Thus, we could practically force any thread to run by simply placing it in a "fictitious" priority level (queue) that results from adding, say, 1000 to that given thread's base priority level. This way, if we detect that a thread that just woke up is interactive (using some heuristics, like those found on FreeBSD's ULE scheduler; but I have greater plans), we could boost it through the rooftop so it will (almost) certainly run next (unless a thread with even higher priority also received this "mega-boost"). Notice that:

  • said "mega-boosts" do not interfere with RT scheduling; those are separate scheduling realms
  • they are only good for a single scheduling round; after the boosted thread gets scheduled, it should be placed right back into its "native" queue, unless it blocks once again. Thus, those boosts should be completely transparent to the thread.
  • they should only be used to boost interactive threads (or otherwise "boostable" threads), preferably those associated with the GUI; boosting CPU-bound "batch-like" threads is a sure way to have crappy responsiveness.
  • the whole "mega-boosting" thing is effectively an expression of "scheduling classes". By boosting threads to a new "base" level that's much higher than the former ceiling of 100, we're actually creating plateaus of scheduling. This way, we can transparently prioritize certain patterns like interactive behaviour, and let CPU-bound threads be (quasi-optimally) handled by the variant of stride scheduling previously described. And by doing that we can emulate the ideal, and impossible to achieve in a general setup, shortest-job-first scheduling, quite successfully! And we don't need to stop here:
  • Greater Plan Warning! I once mentioned in a message to the Haiku mailing list that I'd like to "brand" semaphores with the subsystems they belong to, like GUI, disk I/O, network I/O, HID I/O and so on. This would be as simple as adding a field to struct sem_entry, and versions of the relevant *_sem() functions that understand the extra "brand" argument. It would be a simple numeric argument that corresponds precisely to the desired boost. Like

    #define SEM_GUI  1000
    #define SEM_HDIO  500
    #define SEM_NET   200

    (or an enum version, if that's preferred) and so on. Just like how priority levels are numeric constants but are #defined with mnemonic names. Just like priority mnemonics don't cover the full gamut, only "key" points, and don't prevent one to use some number in-between.

    (And note that the numbers I just used don't make any sense, I picked them only for the purposes of exemplification. I still don't know what the ideal boosting for any scenario would be! And this is something that can't be really decided without empirical testing)

    So in the future, if we get to brand semaphores with the subsystems and purposes they serve, this boosting mechanism (which effectively creates additional implicit scheduling classes), possibly even coupled with variable quanta, could even be extended to transparently shape loads in any way we desire, be them I/O loads, CPU loads, network loads etc.

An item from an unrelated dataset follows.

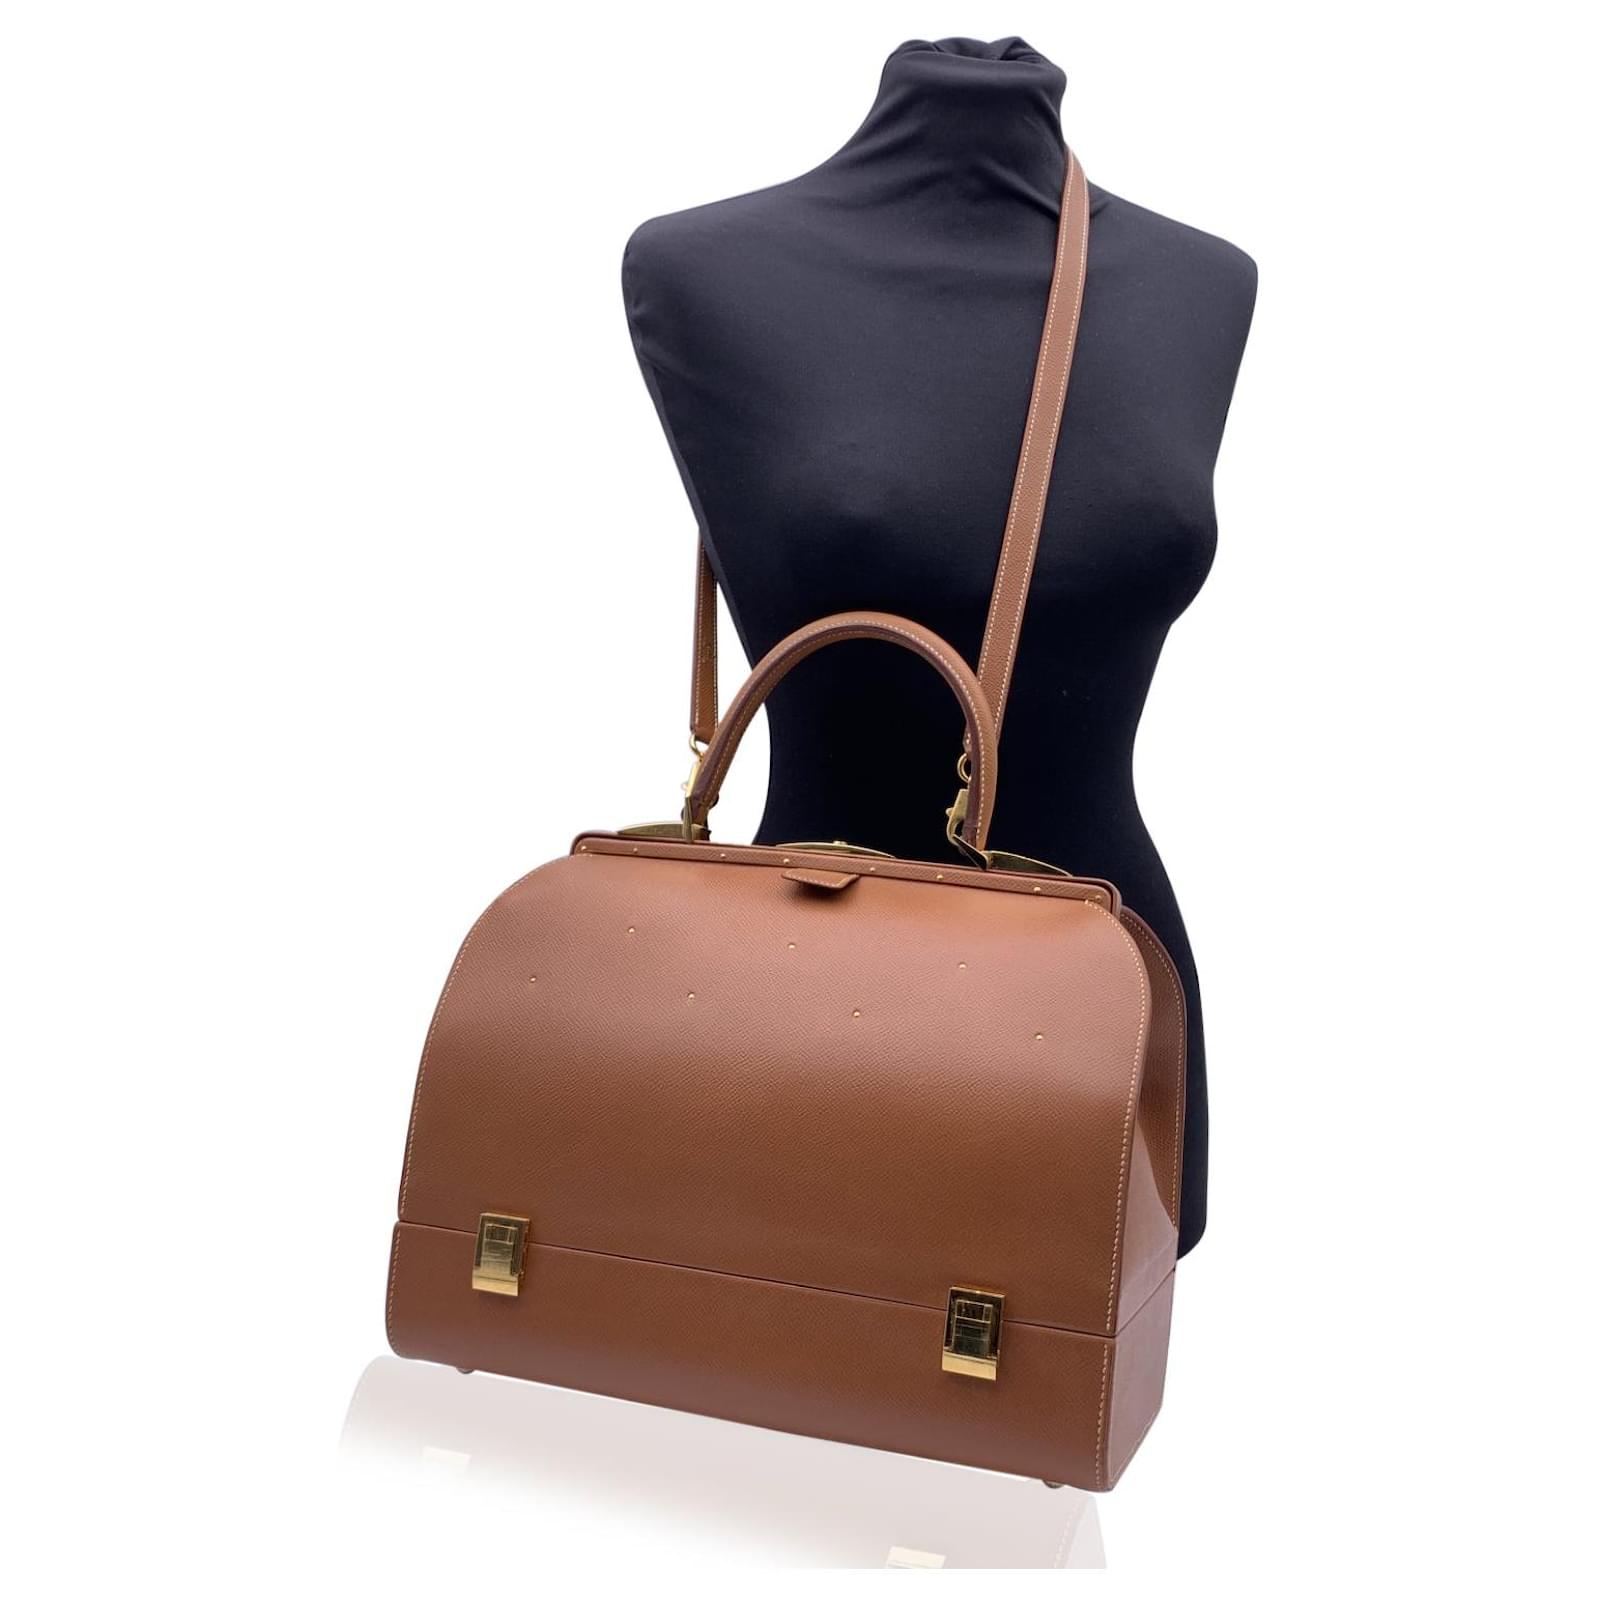 Vintage Hermes Mallette bag handbag brown

Said transparency is in the sense that the application developer doesn't need to explicitly guesstimate how to parametrize his threads, or even find him/herself in the uncomfortable position of needing create separate threads just to perform trivial operations because otherwise such operation could mischaracterise the main thread's behaviour (which would undermine the efficiency of heuristic approaches). Well, we're doing away with the heuristics entirely! The thread will always be adequately responsive depending on the code path it follows. Cool, huh?
    One obvious application that comes to mind is providing time-sensitive multiplayer games like FPS, RTS and so on, quality-of-service-like reserved shares of resources such as network bandwidth, CPU time and so on, while you have dozens of torrents happily downloading, and any number of distributed computing projects crunching in the background. And your framerate remains undisturbed.

The sky is the limit.

In a nutshell: effective scheduling classes, transparent to the application developer and not requiring pages and pages of code to implement. Always doing the right thing depending not on explicit hints or complicated window-of-time heuristics, but actual code path behaviour. Load shaping based on whatever we wish, tweakable by user-land with the simple and familiar "priority level" interface, but extended to well beyond just CPU priorities.

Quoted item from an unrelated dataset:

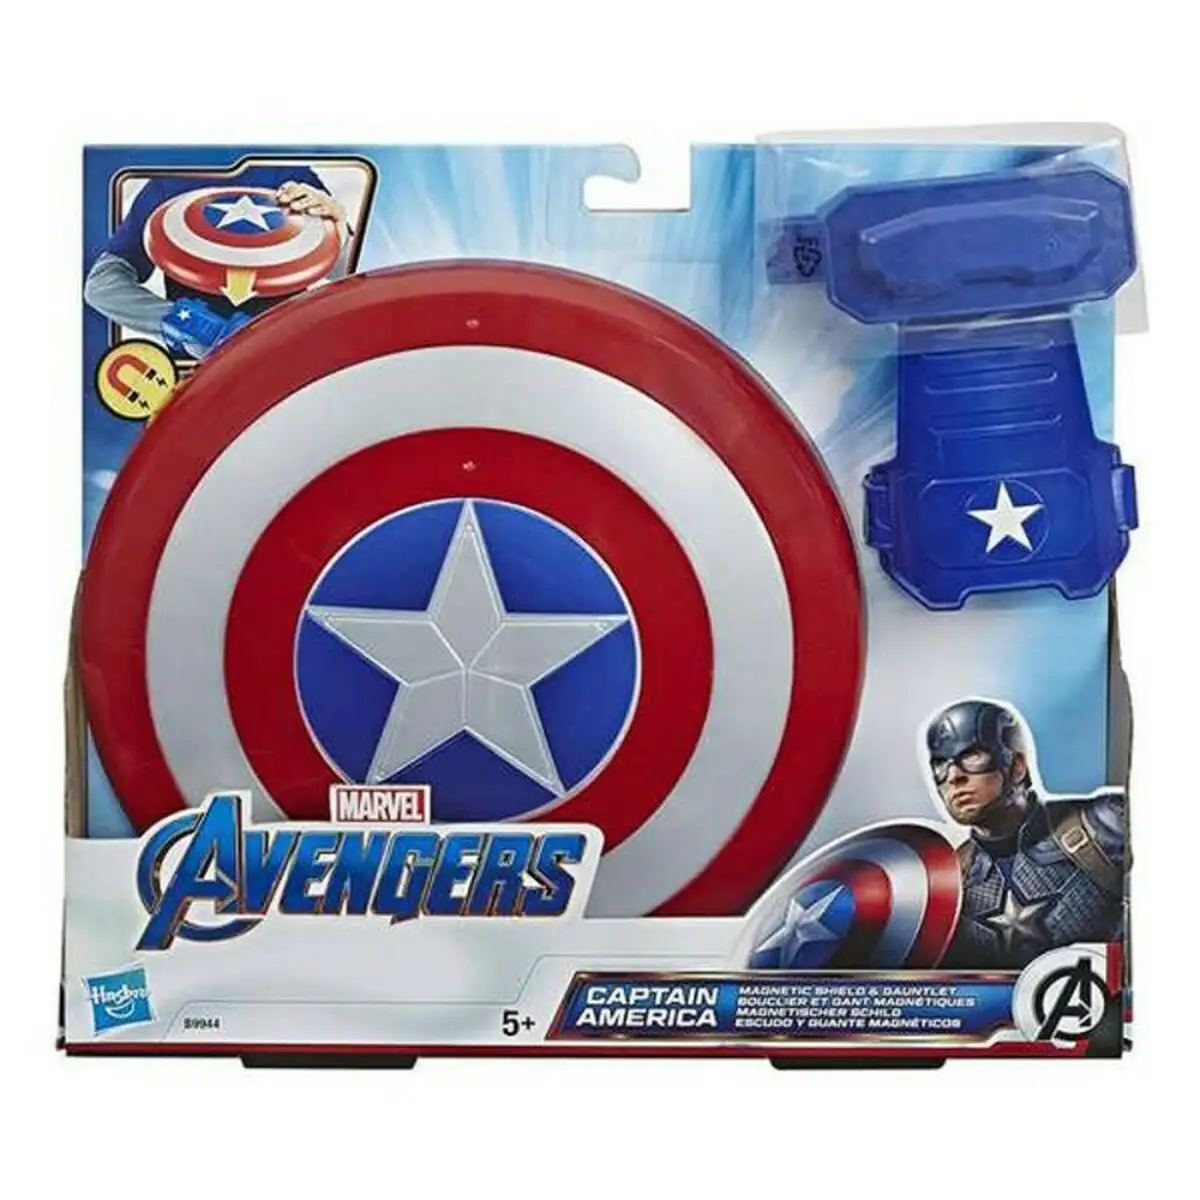 Avengers bouclier magnetique captain america the avengers b9944eu8_2382. Découvrez DIAYTAR SENEGAL - Là où Votre Shopping Prend Vie. Plongez dans notre vaste sélection et trouvez des produits qui ajoutent une touche spéciale à votre quotidien.

Sure, it probably doesn't make much sense to have the thread scheduler take care of all those tasks, but its code could be redeployed to manage many kinds of subsystems that would benefit from this mix of tweakable fairness and responsiveness. I/O scheduler, network scheduler, and so on.

Now, for SMP... Well, that definitely deserves some further discussion. I've already hinted that I'm pretty much set on local, per-CPU queues, and, if possible, every CPU should schedule its threads independently. Having a global "rescheduling time" trigger or a single CPU handing tasks to other CPUs is pretty sub-optimal and almost nobody uses such master/slave scheme anymore. So I'd like to disturb CPUs as little as possible, by reducing IPIs and cache line syncs.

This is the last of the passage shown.